W: Tomorrow is my birthday. What gift will you give me?

M: Same as last year.

W: What did you give me last year?

M: The same as the year before last.

W: When was the year before last?

Man: I didn't know you the year before last, so I didn't send anything.

56. A man went to the company to apply for a job.

The recruiter asked him: What can you do?

The man replied, I don't know what I can do, but my former boss said I can only do two things ~ ~ ~

The recruiter asked with interest: What are two things you can't do?

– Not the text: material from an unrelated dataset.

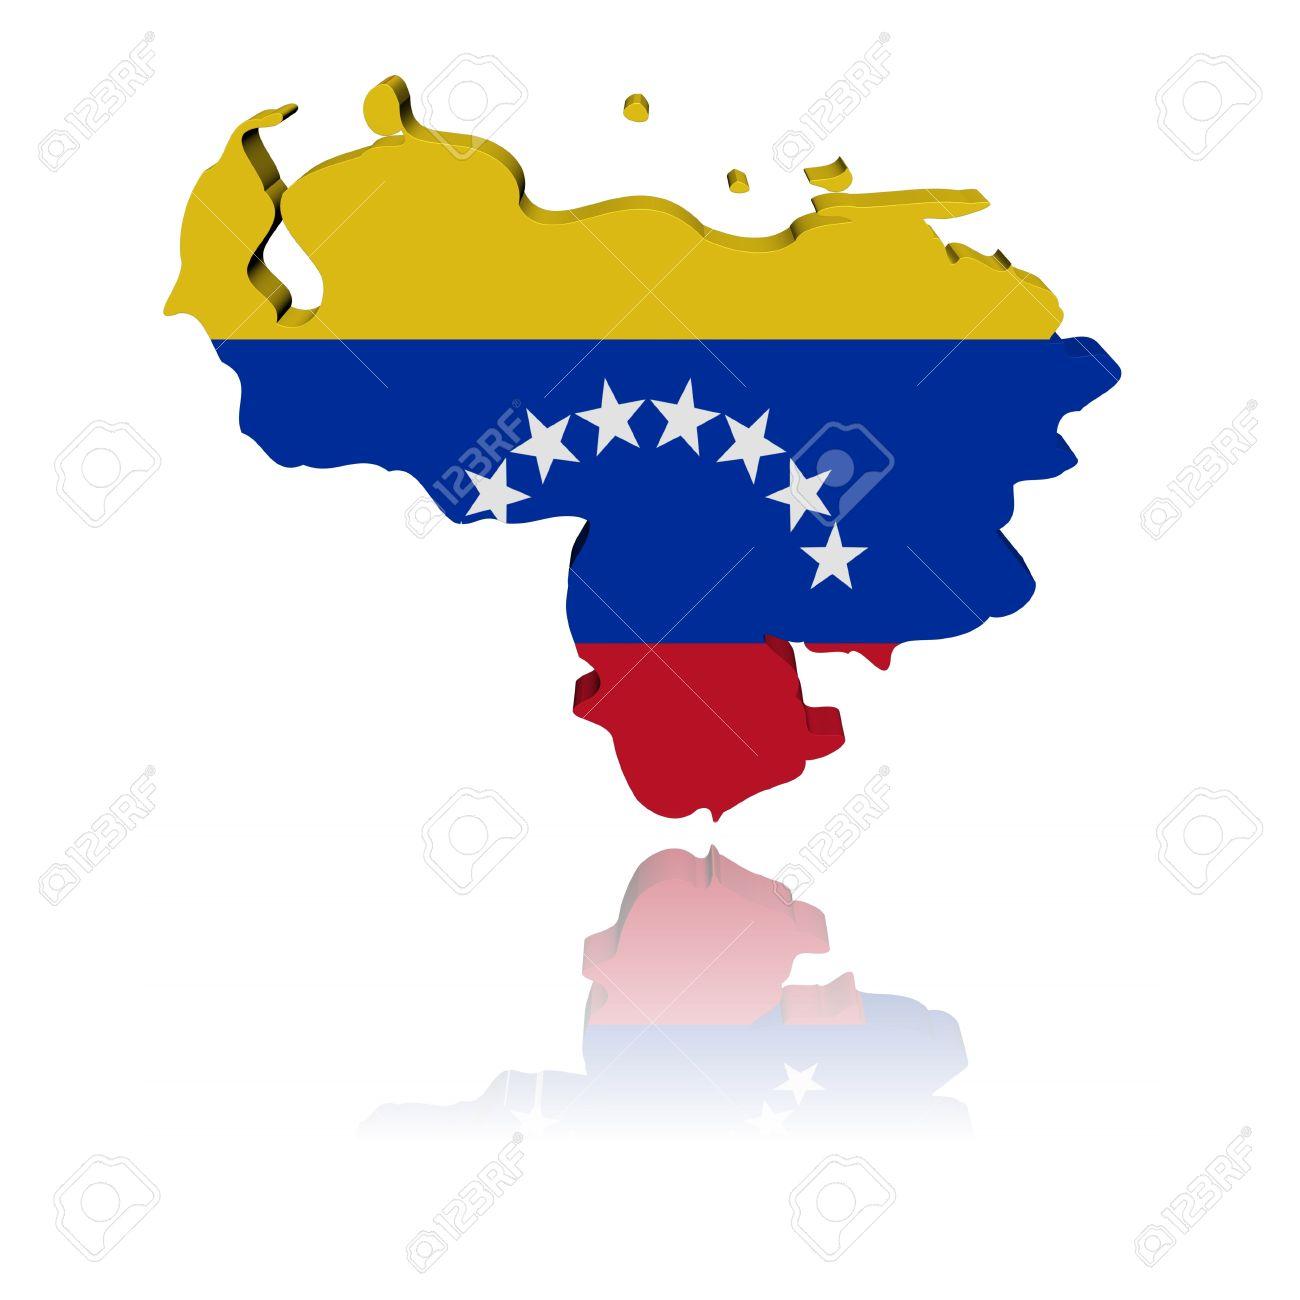 Venezuela Map Flag D Render With Reflection Illustration Stock - Venezuela map
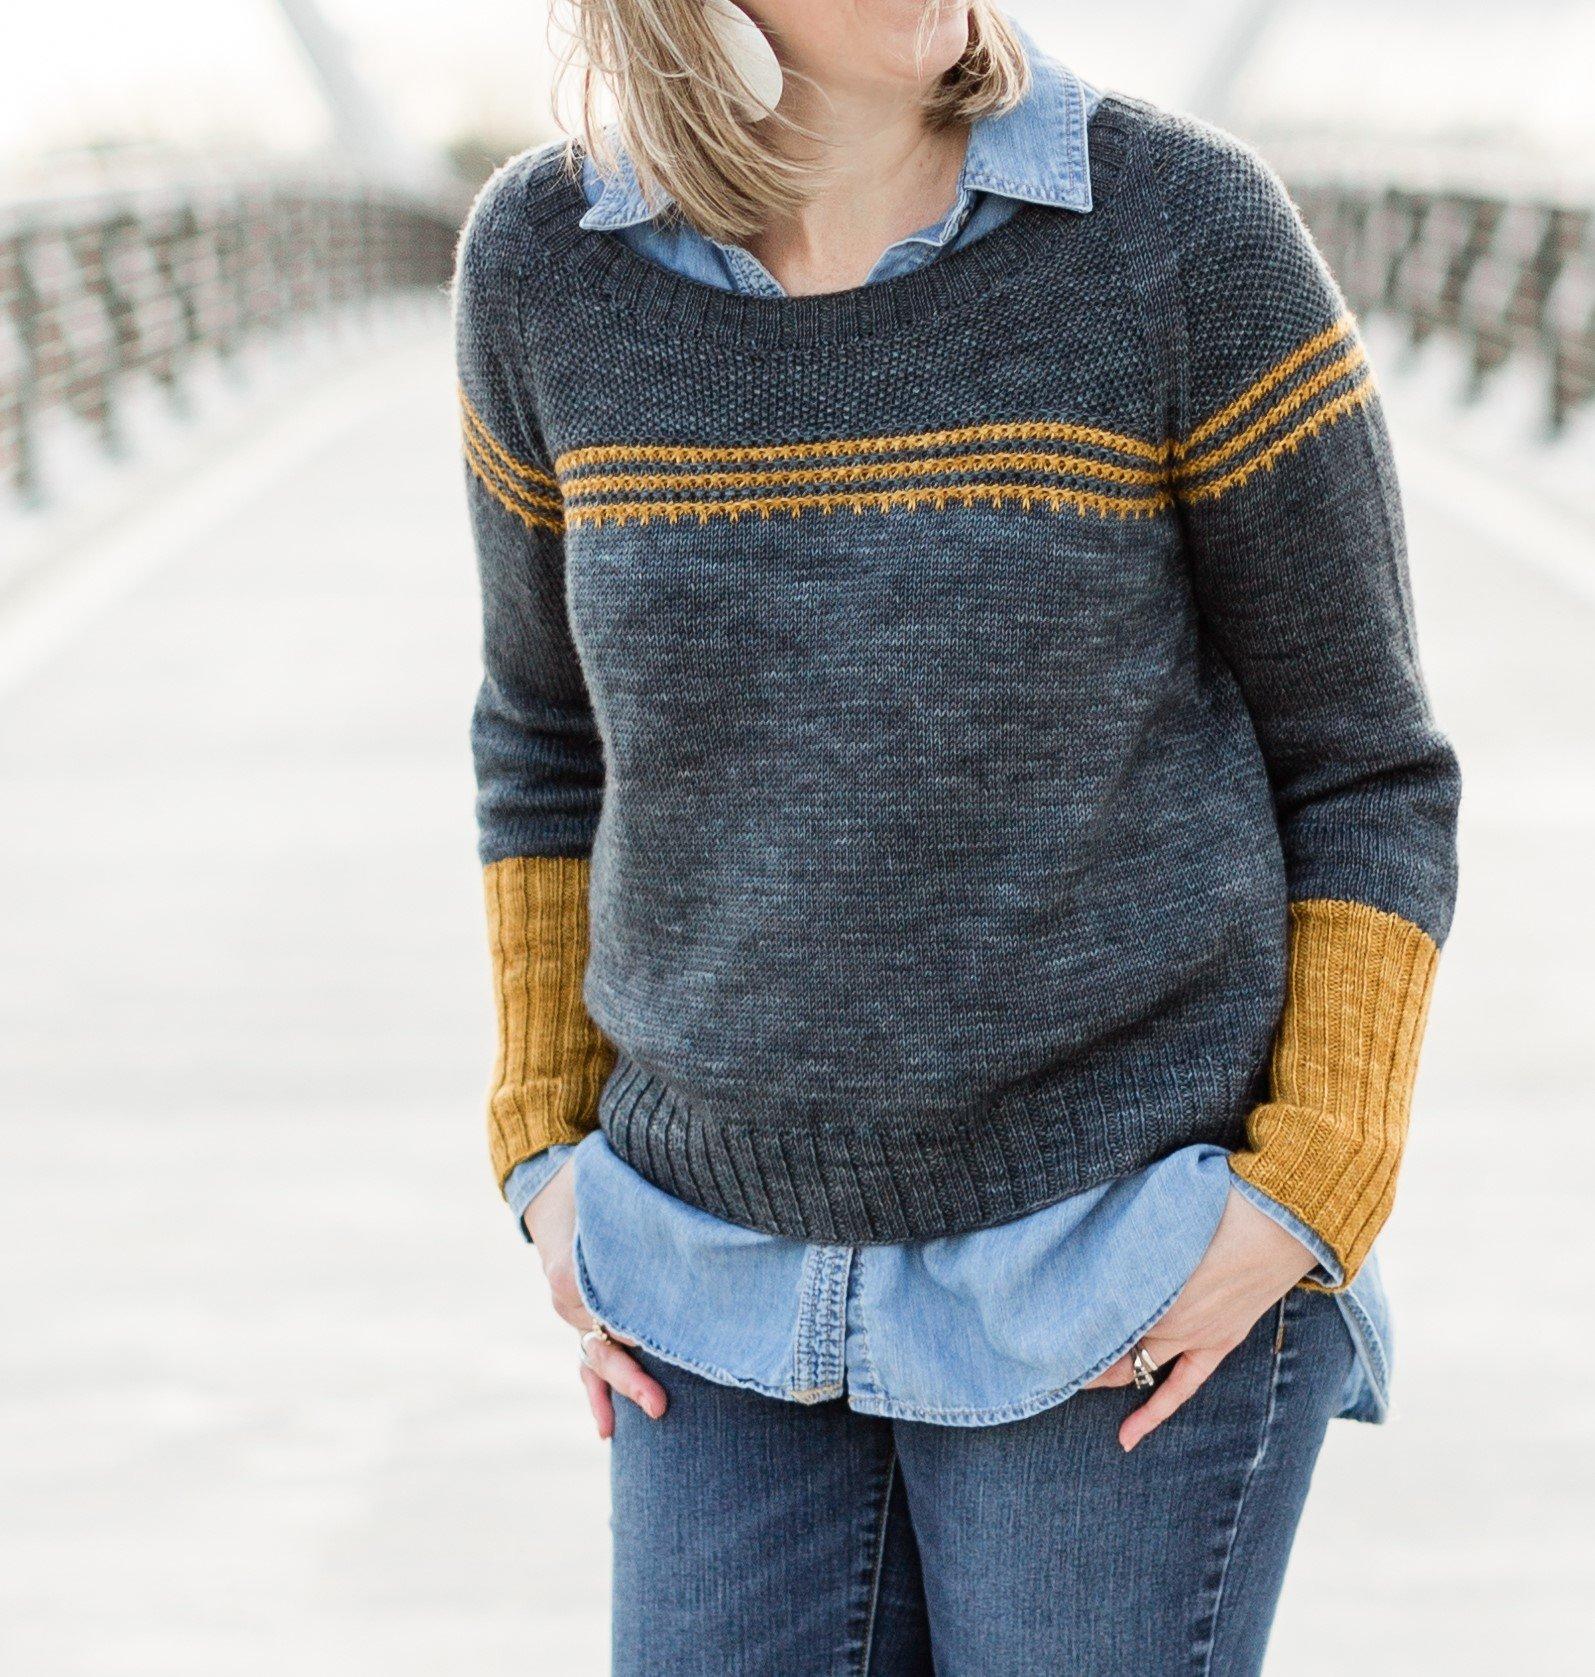 Petra sweater by Marie Greene

M: My former boss told me that it's not possible here or there. ..

57. There is a Grenade.

One day it was finished.

Clean its teeth.

Suddenly I found a thorn between my teeth.

It's hard to pull out.

..... it exploded. ....

58. M: Marry me! I love you! I can't live without you!

Woman: No, my mother will be unhappy. She said you were so worthless.

Man: Oh, if you don't promise, I will die in front of you! With that, he picked up a pistol.

W: Just a moment, please. I'll ask my mother.

Man: Hey, hey, I knew it would work.

Woman: My mother said that I was an adult and could watch such a bloody scene.

Man: ...

59. The father and his little son are standing in front of the tiger cage in the zoo.

The father told his son how ferocious the tiger was, and his son listened seriously.

"Dad!" The son finally said it! "If the tiger rushes out of the cage and eats you ..."

"What are you going to do, son?" Father asked expectantly.

"So, which bus should I take home?" The boy raised his face and asked his father.